Above, we highlighted how regarding neural population responses as lying on a manifold and then characterizing the structure of the manifold can permit unsupervised decoding of latent variables. In what follows, we show how the manifold view reveals the collective dynamics of the circuit, in a direct, easy, and natural way. First, we will consider coarse-grained net flows of states on and off the manifold. Second, we will consider the fine time-resolved dynamics of trajectories on the manifold.

Through these analyses, we test the key predictions^{1;3;4;7} of continuous attractor network models (properties 1-4) and models of neural integrators for continuous variables (properties 1-5), Fig. 3a (see Fig. S6 for a network model): 1) The high-dimensional network response occupies a low-dimensional continuum of states with dimension and topology matching those of the encoded variable(s). 2) The states are autonomously generated and stabilized, and capable of self-sustained activation when sensory inputs are removed. 3) The manifold is an attractor: states initialized away from the manifold flow rapidly back toward it. 4) The states along the manifold are energetically equal, with no flux or net flow along the manifold. 5) A velocity input, encoding the time-derivative of the represented variable, drives the circuit in a special direction, specifically, along the low-dimensional manifold in the high-dimensional state space. Note that these predictions are fundamentally in terms of the population manifold, hence most naturally tested at that level, when the data make it possible.

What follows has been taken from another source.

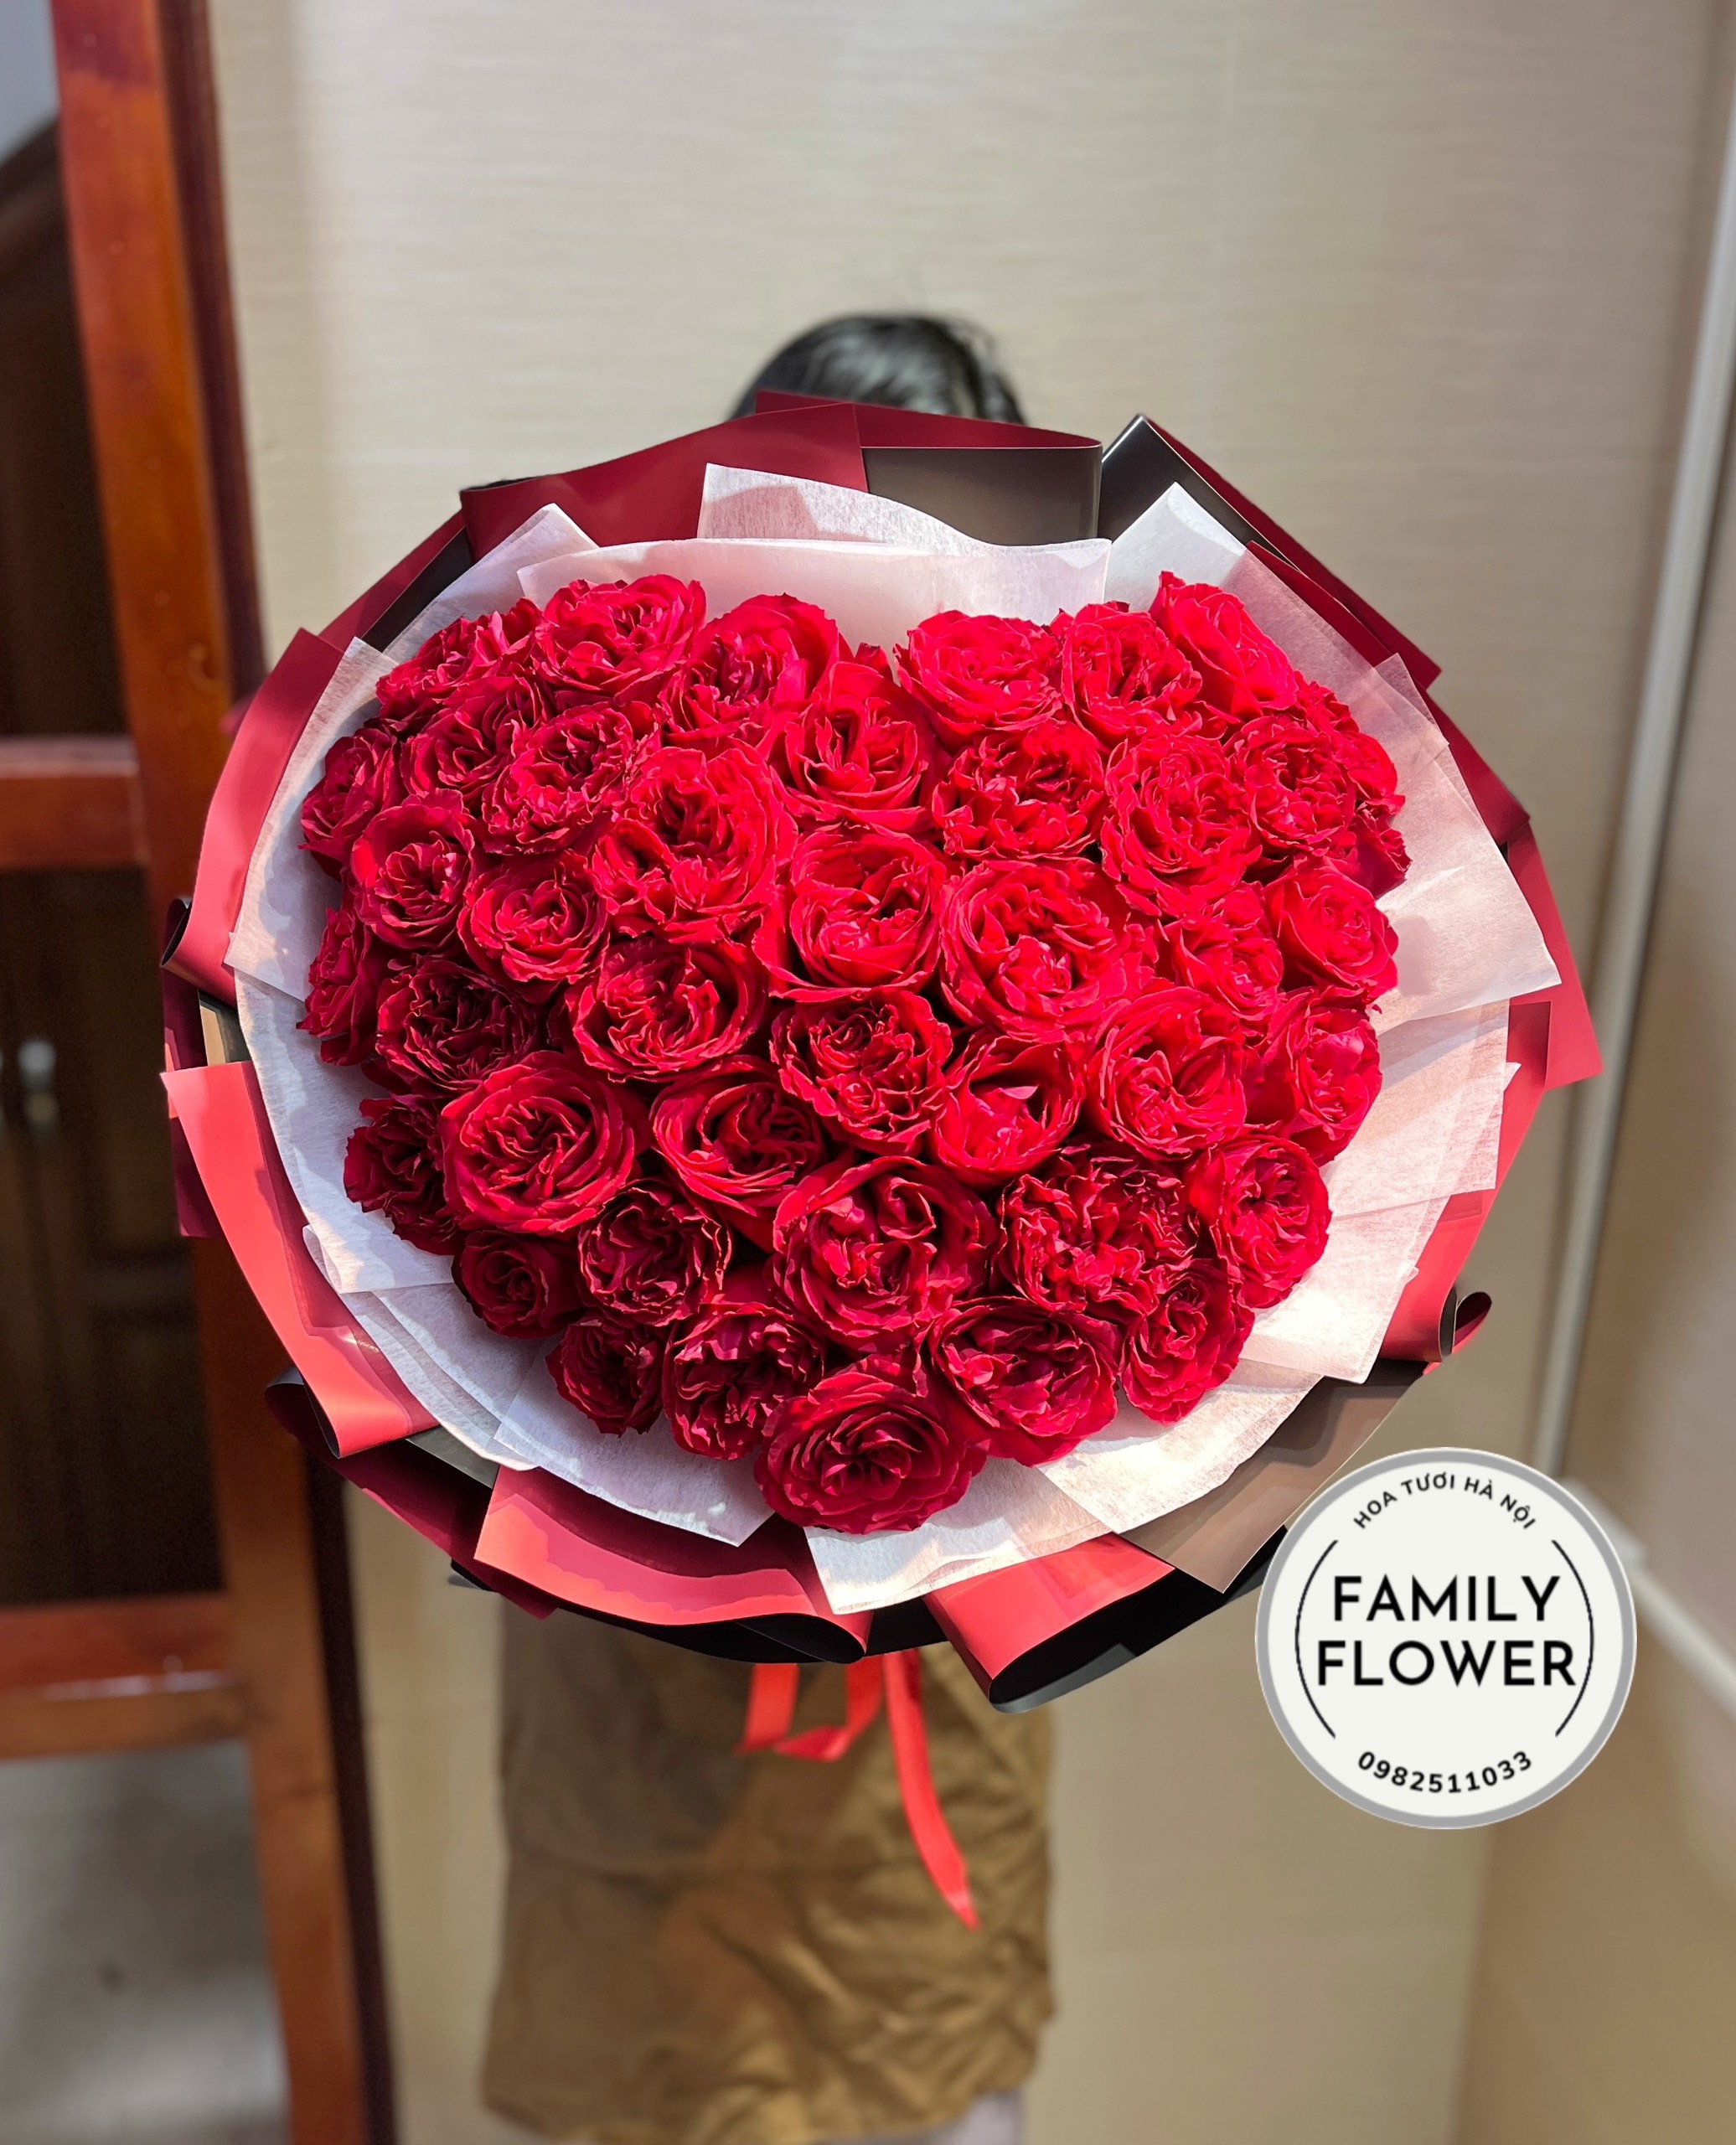 Hoa 8 tháng 3 Hà Nội ! Bó hoa trái tim tặng vợ nhân dịp valentine , 8/3 quận Ba Đình Hà Nội

Results above already directly support property 1). To study autonomous dynamics, we examine the states of the circuit during sleep, when the circuit no longer receives spatial or directional input from the world. During REM sleep, the states again lie on a ring, Fig. 3b (and Supplementary Movie 2), and moreover are essentially identical to those from awake exploration, laying on the same ring manifold, Fig. 3c (Fig. S7 for other animals). The result is in direct support of property 2), and consistent with a similar previous conclusion inferred from preserved pairwise correlations during sleep^{32}.

### States on the manifold are energetically flat or equivalent

To test the equivalence of states along the manifold, we examine the coarse occupancy and dynamics of manifold states during REM sleep, when the circuit is not driven by the external world (spatial exploration could be biased). First, we construct instantaneous (undirected) vectors or bars linking states at adjacent time-points, Fig. 3d; the length of a bar is proportional to the mean speed at that time. If the manifold contained a few prominent sinks or discrete fixed points, there would be fast flow to and high occupancy around those fixed points, which would correspond visually to long bars converging near those points. As one can see, the lengths and density of the bars are roughly uniform across both waking and sleep manifolds in a given session, Fig. 3d.

Separately but related, the change in angle is independent of the value of the angle itself, Fig. 3e (Fig. S8 for other animals). To obtain a quantifiable measure of occupancy along the ring and to gain statistical power from pooling across sessions and days from a single animal, we decode the angular states on the ring with a supervised decoder, and compute the density of decoded angles, Fig. 3f. The logarithm of the density of states along the ring - a direct estimate of the relative energy of these states - is flat on the scale of the variability across sessions. These results directly support property 4).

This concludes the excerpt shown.